# [WHAT THE TASK REQUIRES]
The whole listing, except its pictures, is to be repeated exactly.

# [DATA PROVIDED]
+++
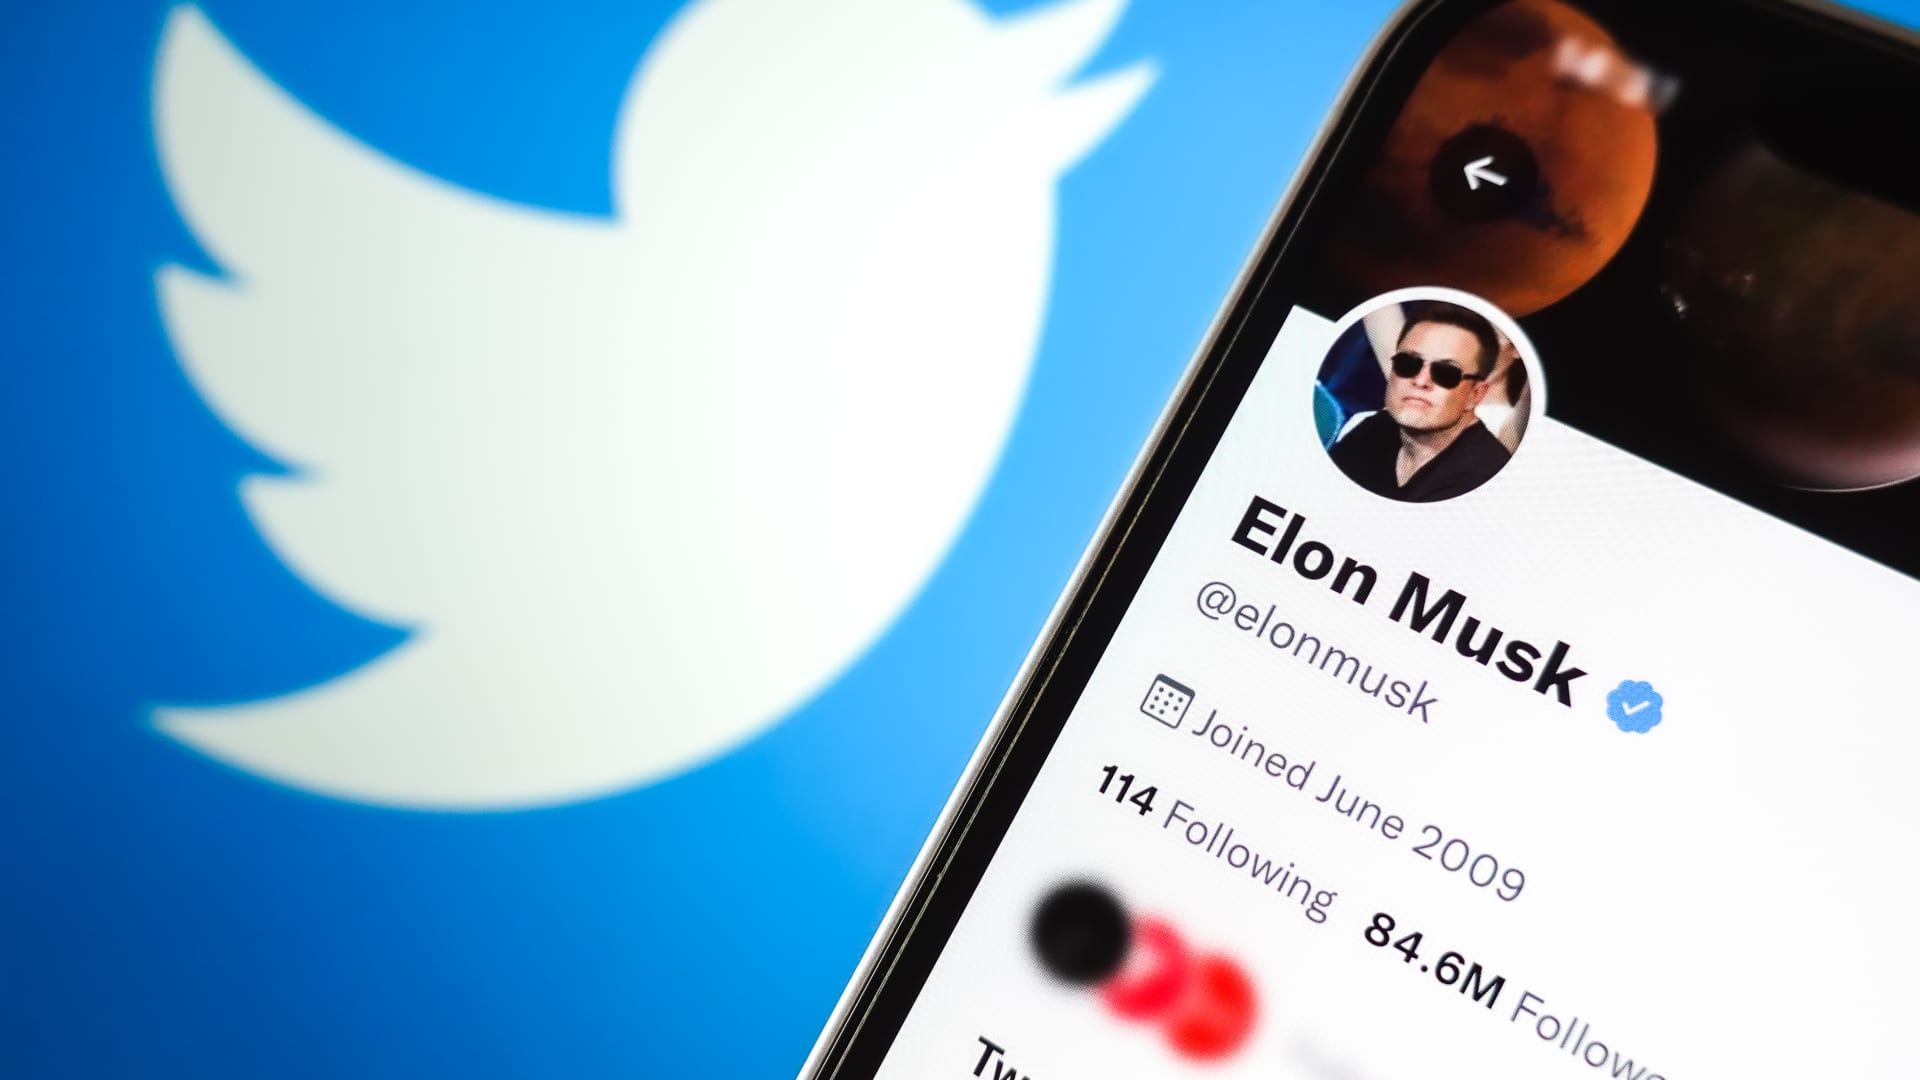 Banned Twitter users won't return for at least another few weeks, Musk says
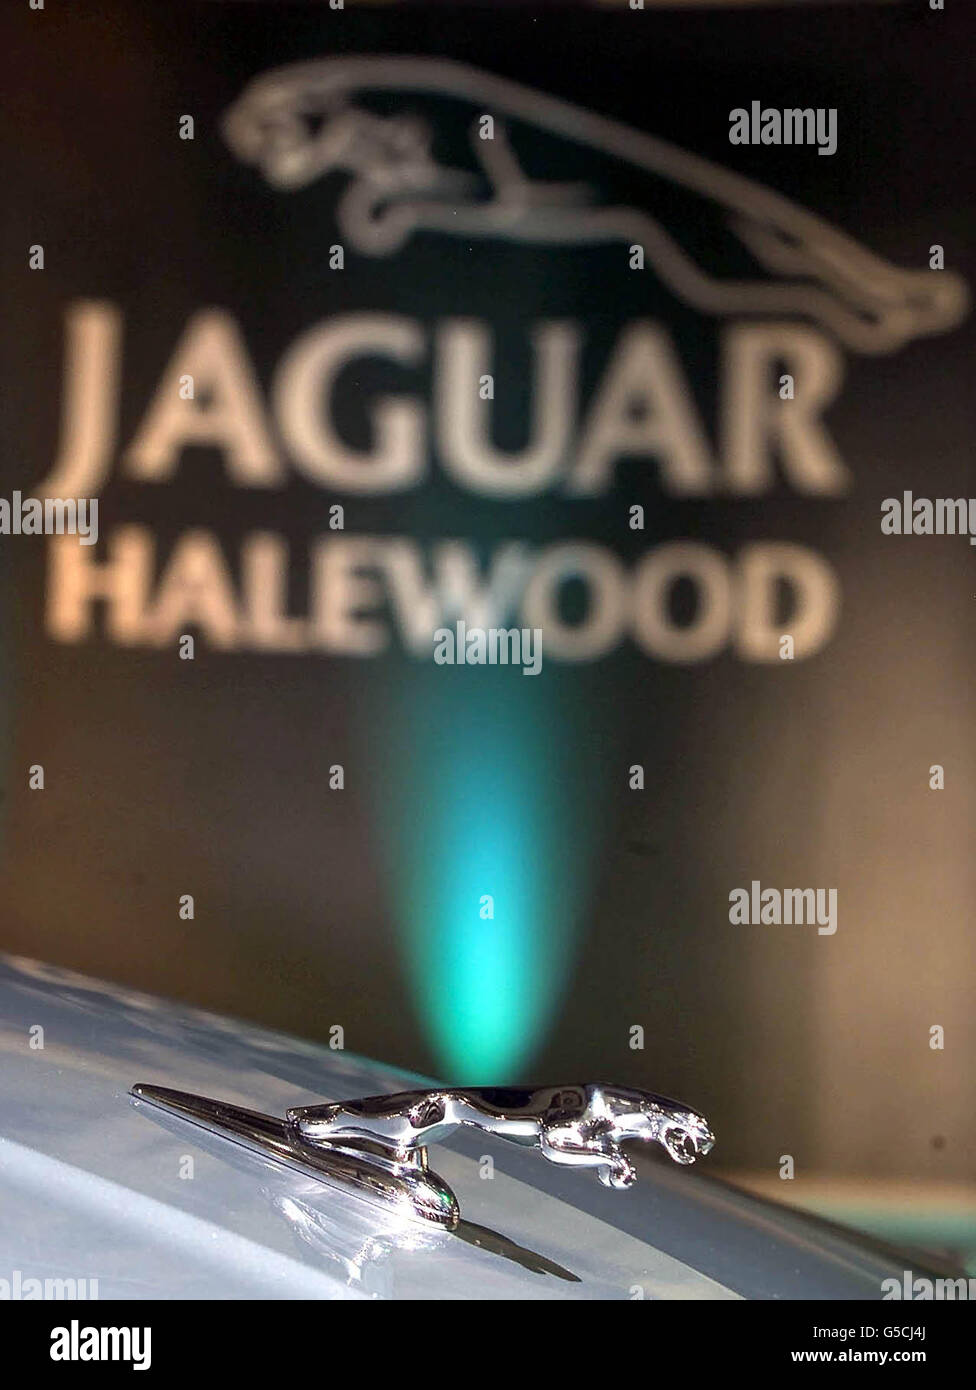 Official Opening Jaguar Plant Stock Photo
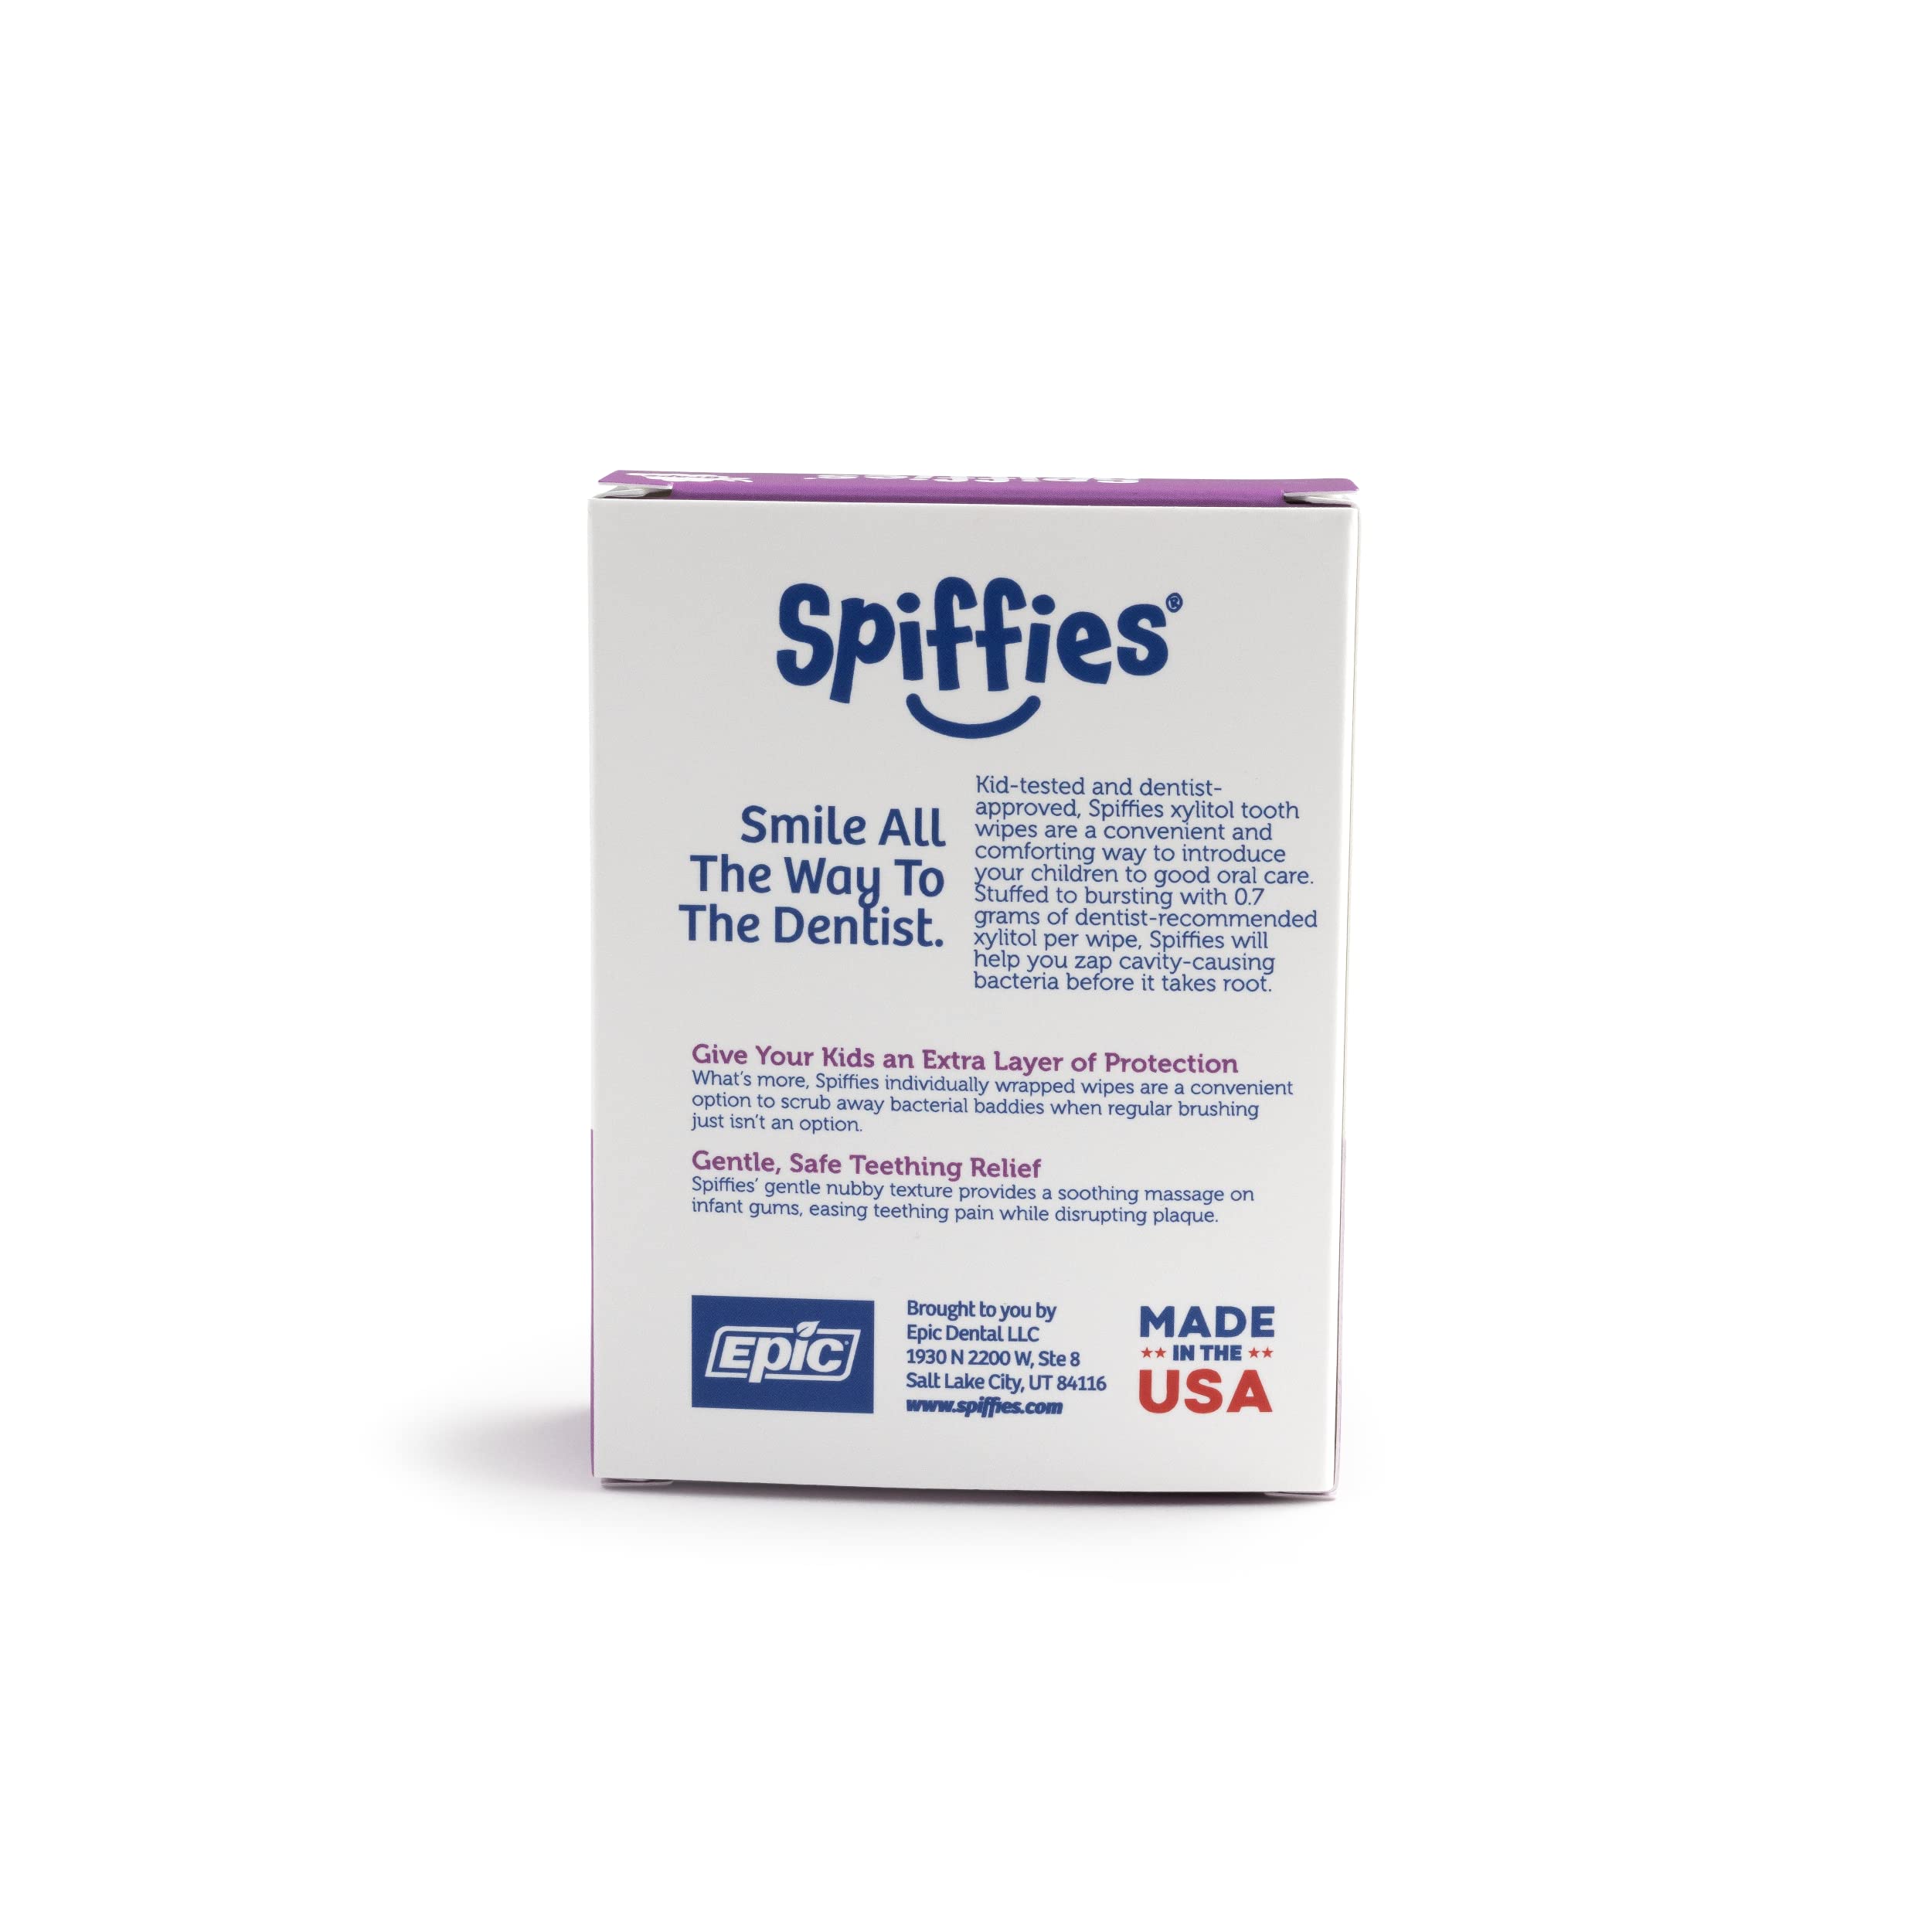 Spiffies Baby Oral Care Tooth Wipes - Gum & Teeth Wipe Tissues for Teething Relief & Cleaning Infant & Toddler Teeth - Baby Tooth Wipes w/Xylitol for Ages 0-12 Months & Up (Grape, 20 Count, 3 Pack)
+++
# [TASK RESULT]
 Banned Twitter users won't return for at least another few weeks, Musk says
 Official Opening Jaguar Plant Stock Photo
 Spiffies Baby Oral Care Tooth Wipes - Gum & Teeth Wipe Tissues for Teething Relief & Cleaning Infant & Toddler Teeth - Baby Tooth Wipes w/Xylitol for Ages 0-12 Months & Up (Grape, 20 Count, 3 Pack)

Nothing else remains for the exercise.